New Zealand draper (1842–1903)

Agnes Addison (née Broomfield; c. 1842 – 28 January 1903) was a New Zealand draper.

==Biography==
Addison was born Agnes Broomfield in Edinburgh, Midlothian, Scotland, in about 1842, to Margaret Fairbairn and her husband, Joseph Broomfield. She married New Zealander Robert Addison in Edinburgh on 19 August 1874, and the couple soon moved to the goldfields town of Hokitika in New Zealand's South Island, where Robert had a picture framer and carpenter's business in Revell Street. They arrived in the country in January 1875 aboard the Michael Angelo. They were Presbyterian.

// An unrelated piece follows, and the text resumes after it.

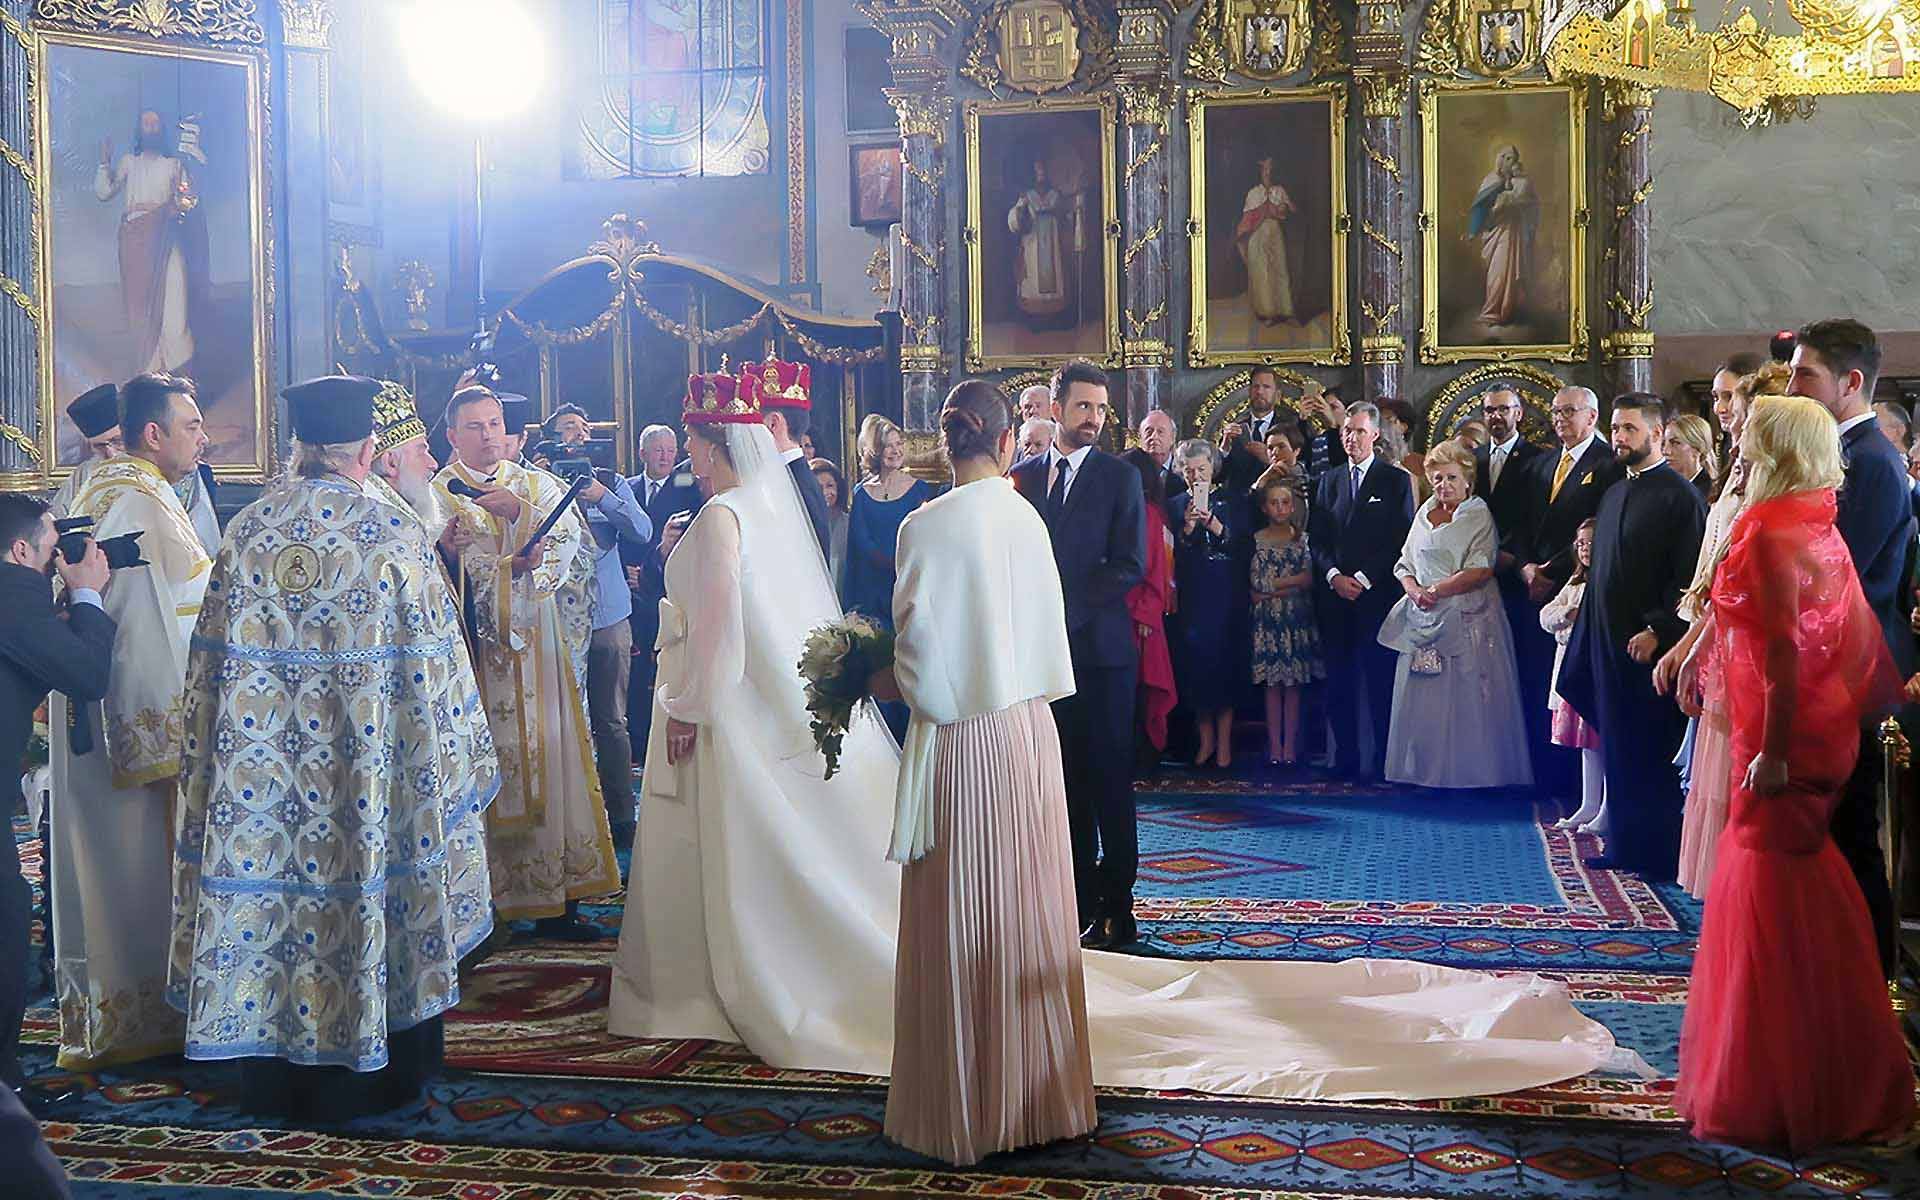 A-Royal-Wedding-of-HRH-Prince-Philip-and-Princess-Danica-in-Belgrade.-Our-Participation-was-an-honor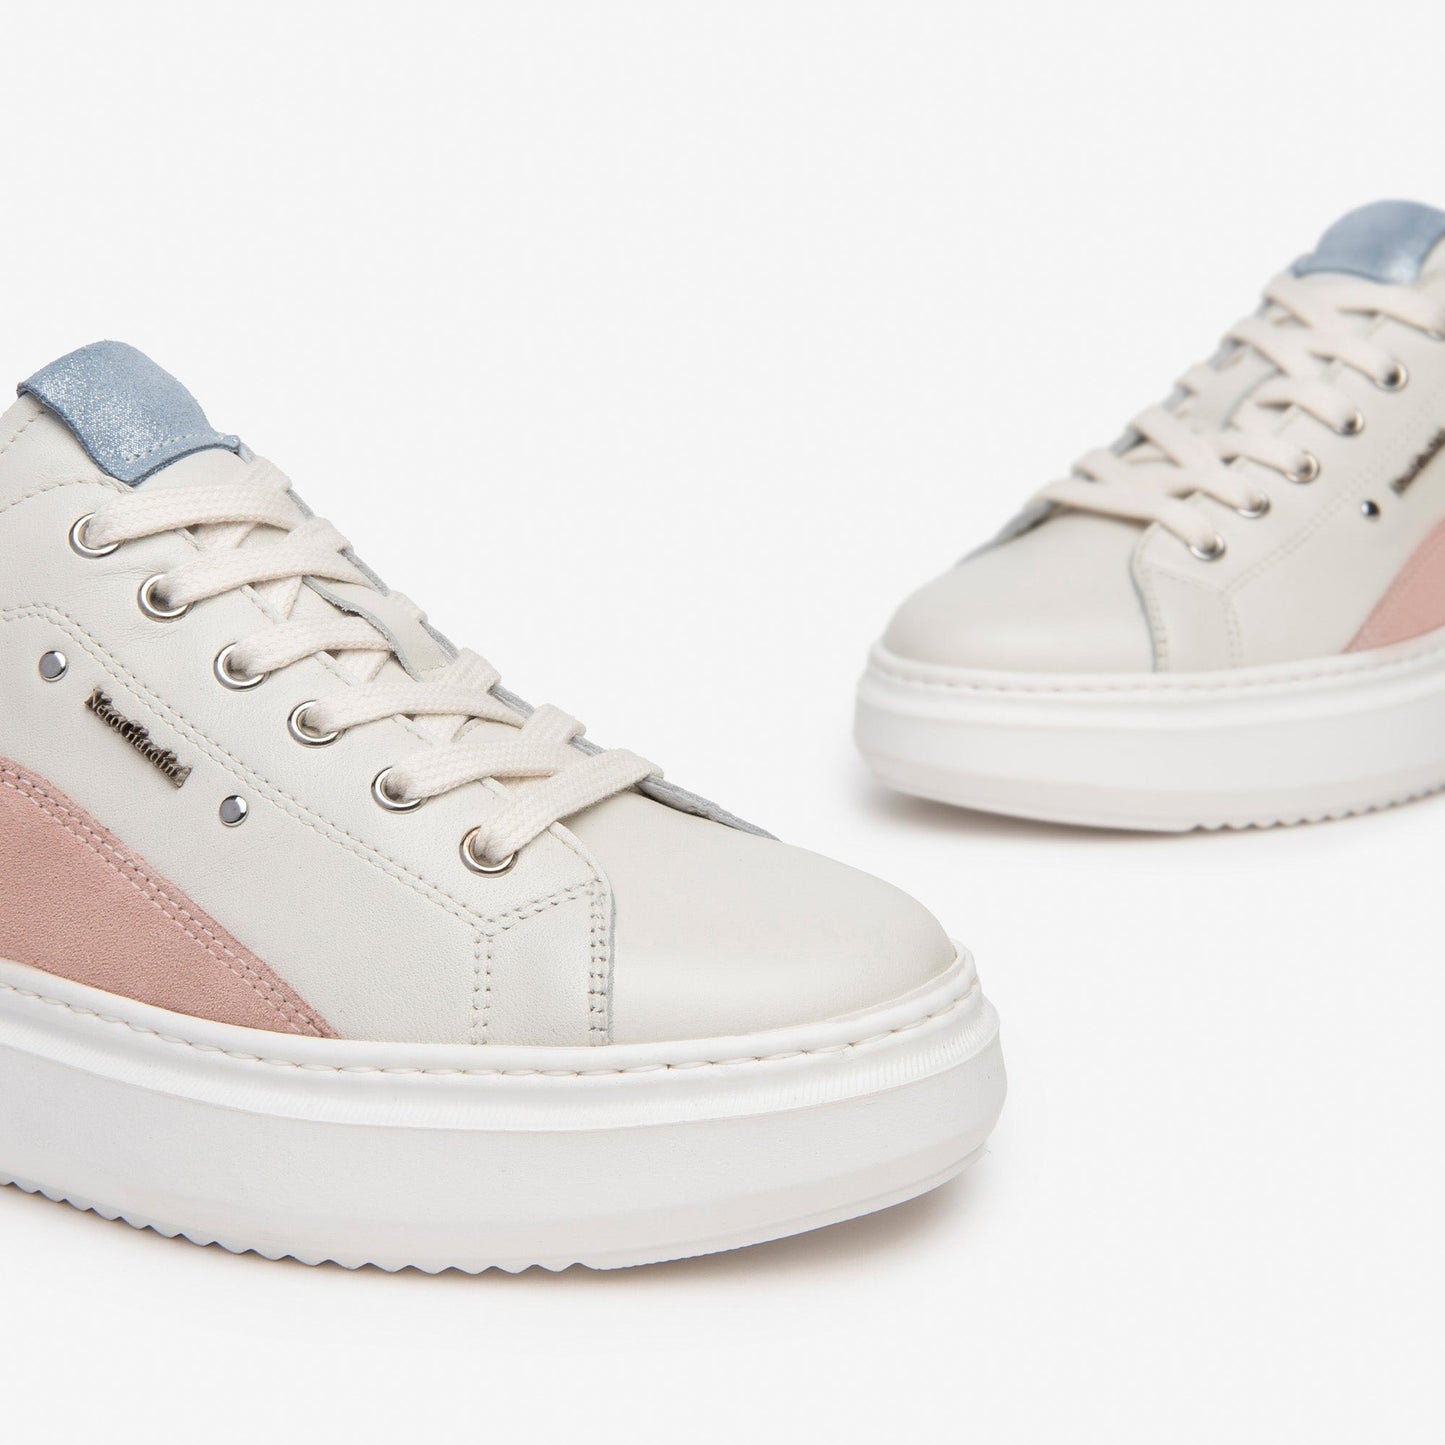 Sneakers NeroGiardini woman white leather suede inserts peony

Agnes and Robert Addison had four daughters: Margaret (born mid 1875), Alice, Jemima (Jessie), and Agnes. When Robert died in late 1885, Agnes Addison was left with the task of bringing up the four young daughters and also became the sole owner of the Addisons' two stores, in Revell Street and Hamilton Street. The following year she began selling millinery goods such as thread and cloth. By 1890, the business was well-established as a drapery and millinery products store, and expanded in the following years.

==Death and legacy==
Addison died at home in Hokitika on 28 January 1903, and she was buried in Hokitika Cemetery. She had become one of the town's most prominent businesswomen, and the business she established continued to thrive long after the West Coast goldfields were played out. Three of her daughters, Agnes, Jessie and Alice, continued to run the business after her death. It has survived into the 21st century as Addisons Clothing, which still operates on the original Revell Street site.